DATA SHOWN:
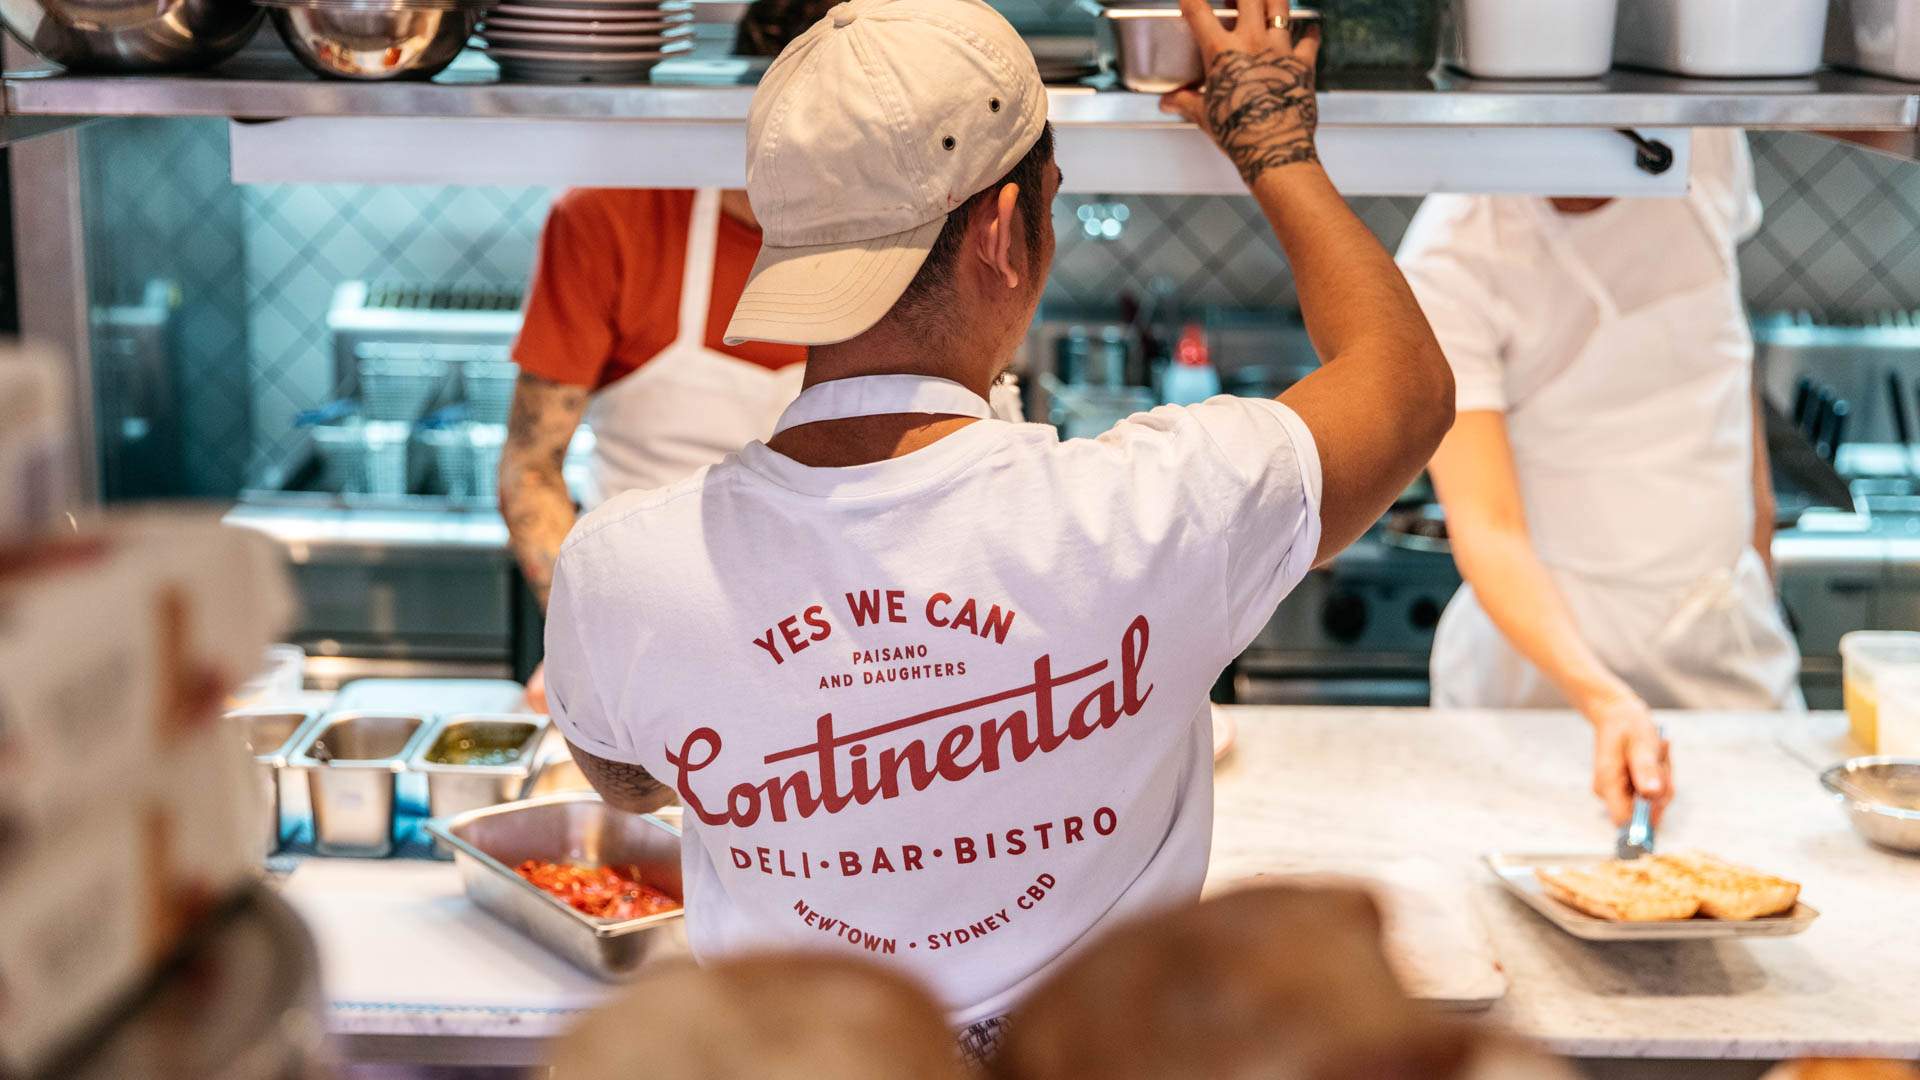 Continental Deli Has Opened a Second Shrine of Cocktails, Charcuterie and Canned Stuff in the CBD
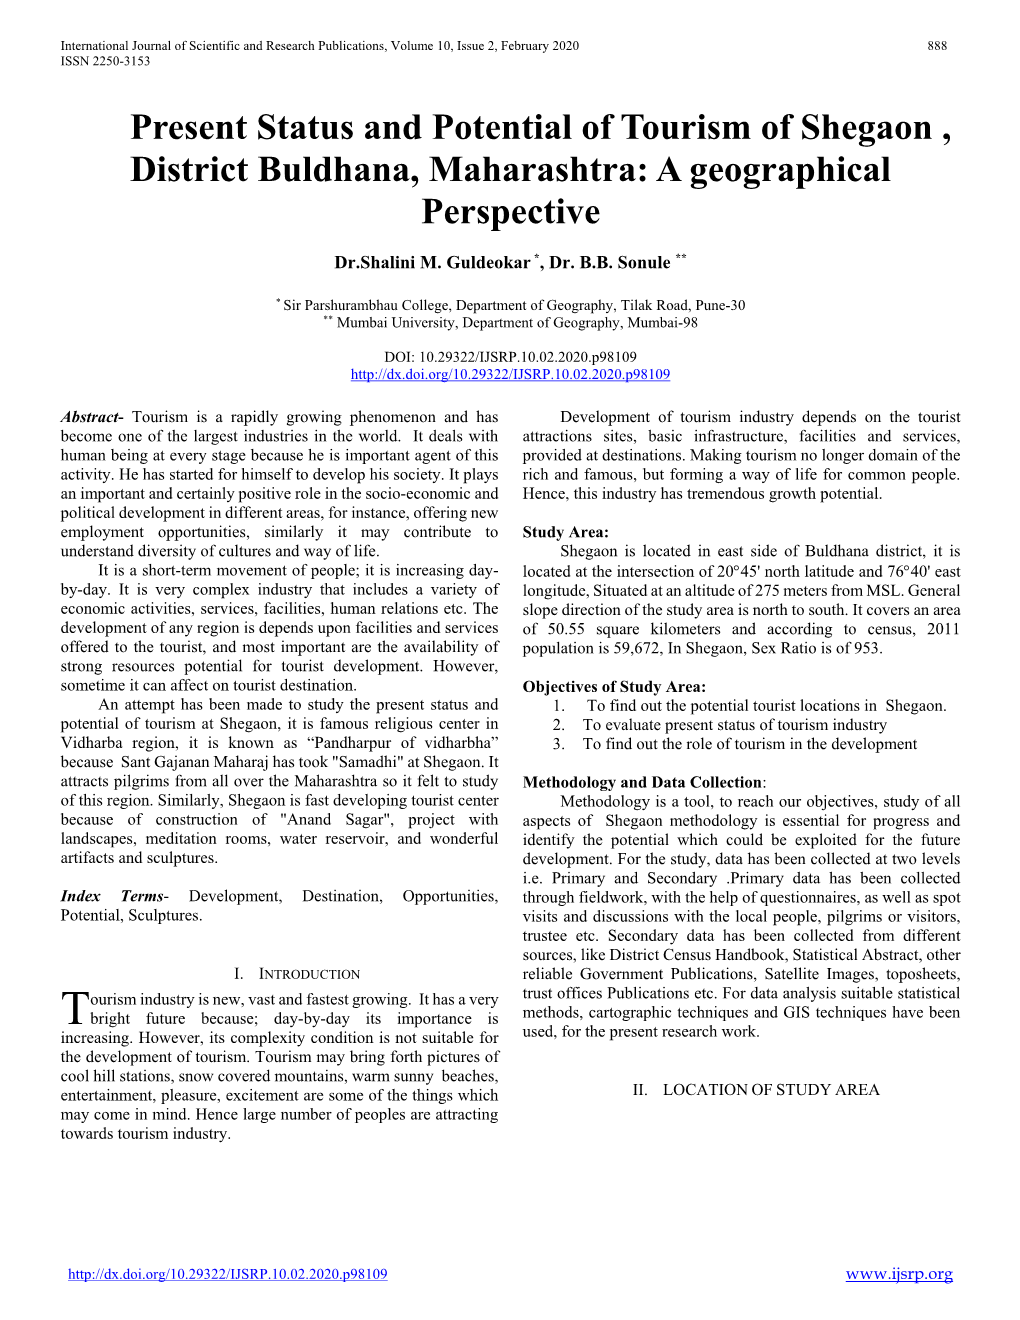 Present Status and Potential of Tourism of Shegaon , District Buldhana, Maharashtra: a Geographical Perspective
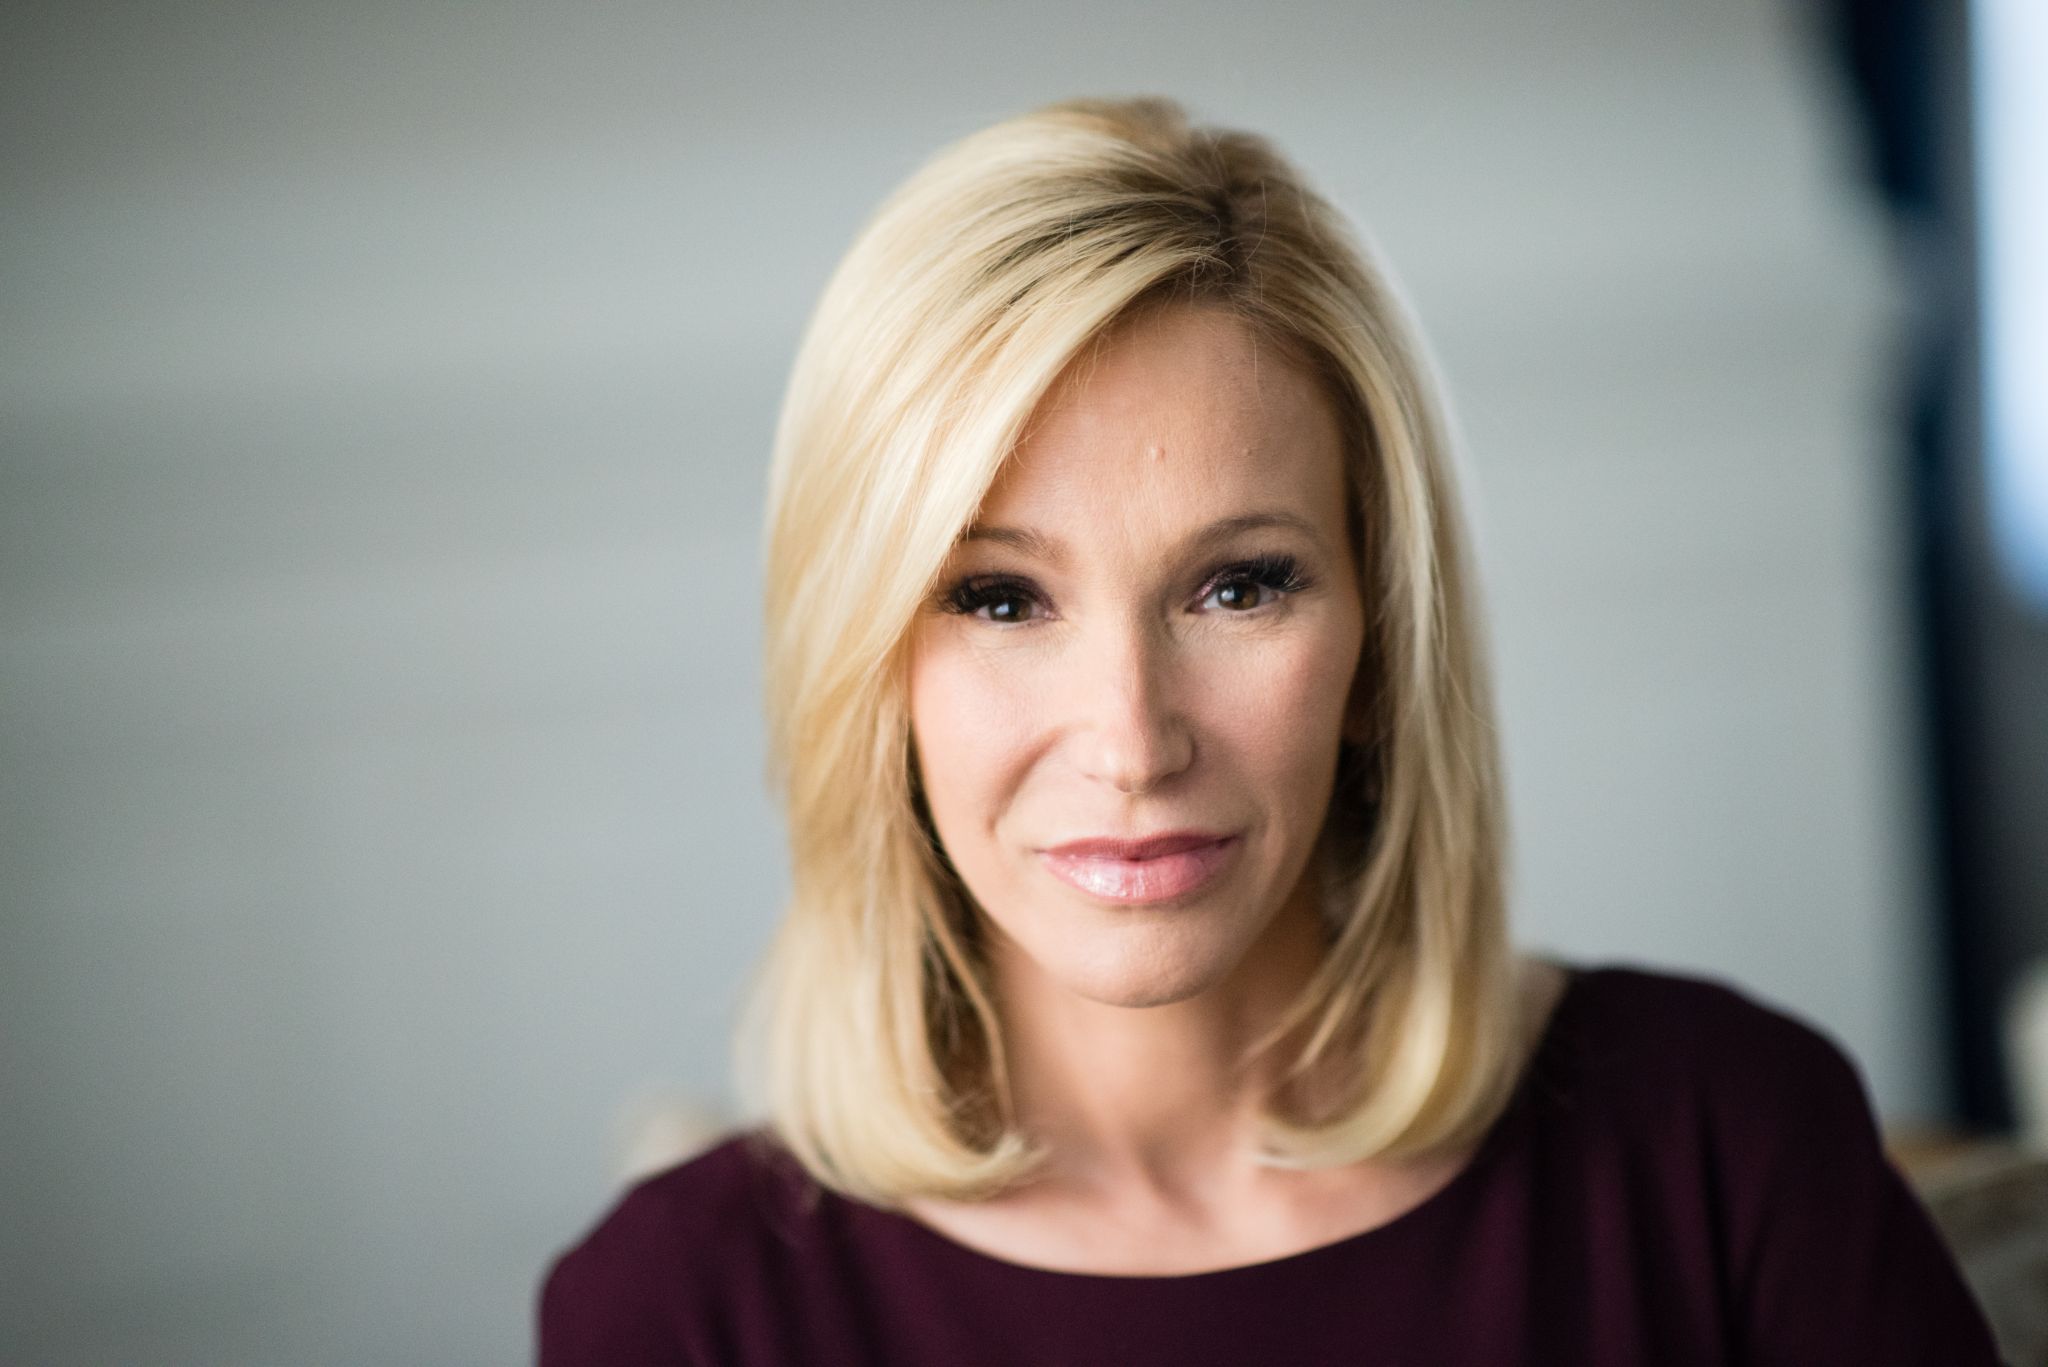 Pastor Paula White Wants Followers To Send Her A Months Worth Of Pay

WHAT IS EXPECTED: With pictures excluded, restate word for word the lines from the one that contains "Present Status and" through the end of the material, inclusive, and nothing more.

THE COMPLETED TASK:
 Present Status and Potential of Tourism of Shegaon , District Buldhana, Maharashtra: a Geographical Perspective
 Pastor Paula White Wants Followers To Send Her A Months Worth Of Pay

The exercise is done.